The authors examined the antiapoptotic effects of E2 in a double-hemorrhage SAH model in male Sprague-Dawley rats. The rats underwent subcutaneous implantation of a Silastic tube containing corn oil either with or without E2, and some E2-treated animals also received ICI 182,780 (a nonselective estrogen receptor [ER] antagonist) for 7 days after SAH. The degree of vasospasm was determined by averaging the cross-sectional areas of the basilar artery 7 days after SAH. The expression of apoptotic indicators, including TNF-alpha, caspase 3, Bcl-2, Bax, terminal deoxynucleotidyl transferase-mediated deoxyuridine triphosphate nick end labeling (TUNEL), and cell death assays were used for detection of apoptosis.

RESULTS

Treatment with E2 significantly attenuated SAH-induced vasospasm.

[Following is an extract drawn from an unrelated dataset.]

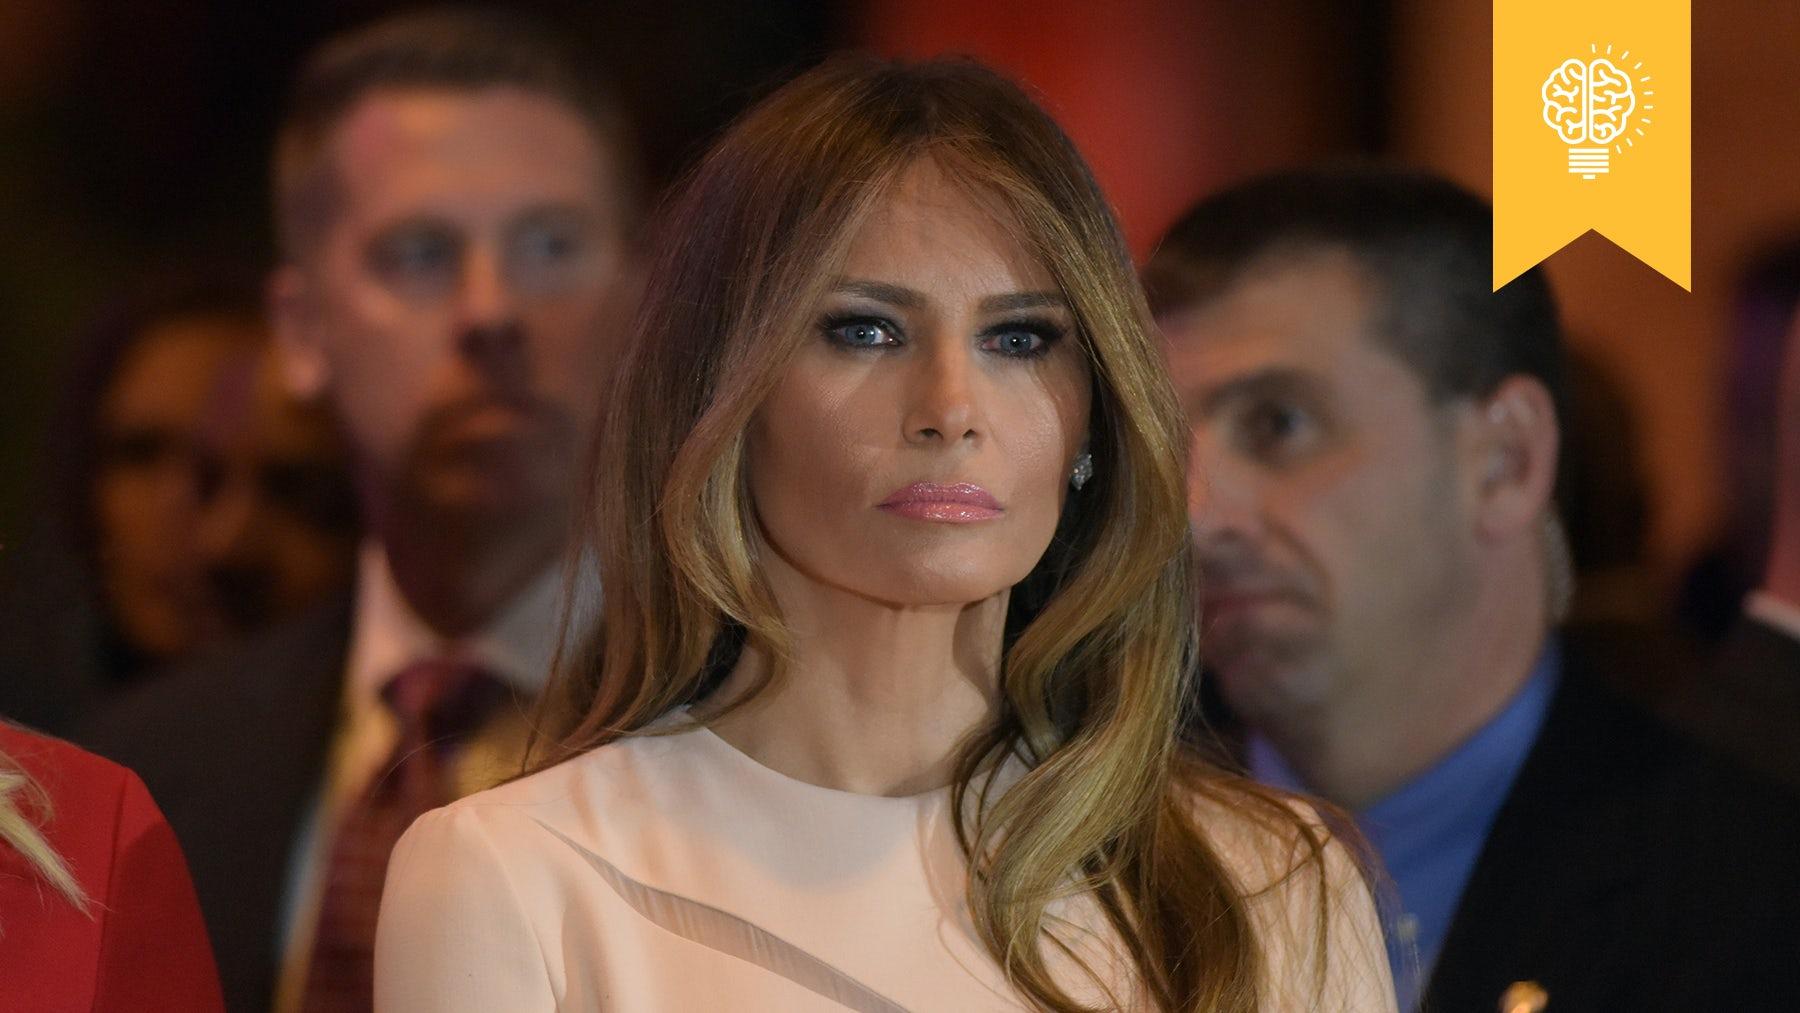 Melania Trump | Source: Shutterstock

Seven days after the induction of SAH, positive TUNEL-staining was seen, and DNA fragmentation was increased in the dentate gyrus. Increased TNF-alpha and cleaved caspase-3 protein expression and decreased Bcl-2 protein expression in the dentate gyrus were also observed. These changes were reversed with E2-treatment but not in the presence of ICI 182,780. However, the expression of Bax did not change after SAH either with or without E2 treatment.

CONCLUSIONS

The authors found that E2 appears to confer an antiapoptotic effect that reduces secondary brain injury after SAH via estrogen receptor-dependent mechanisms. This finding provides support for possible future applications of E2 treatment for the reduction of secondary injury after SAH in patients.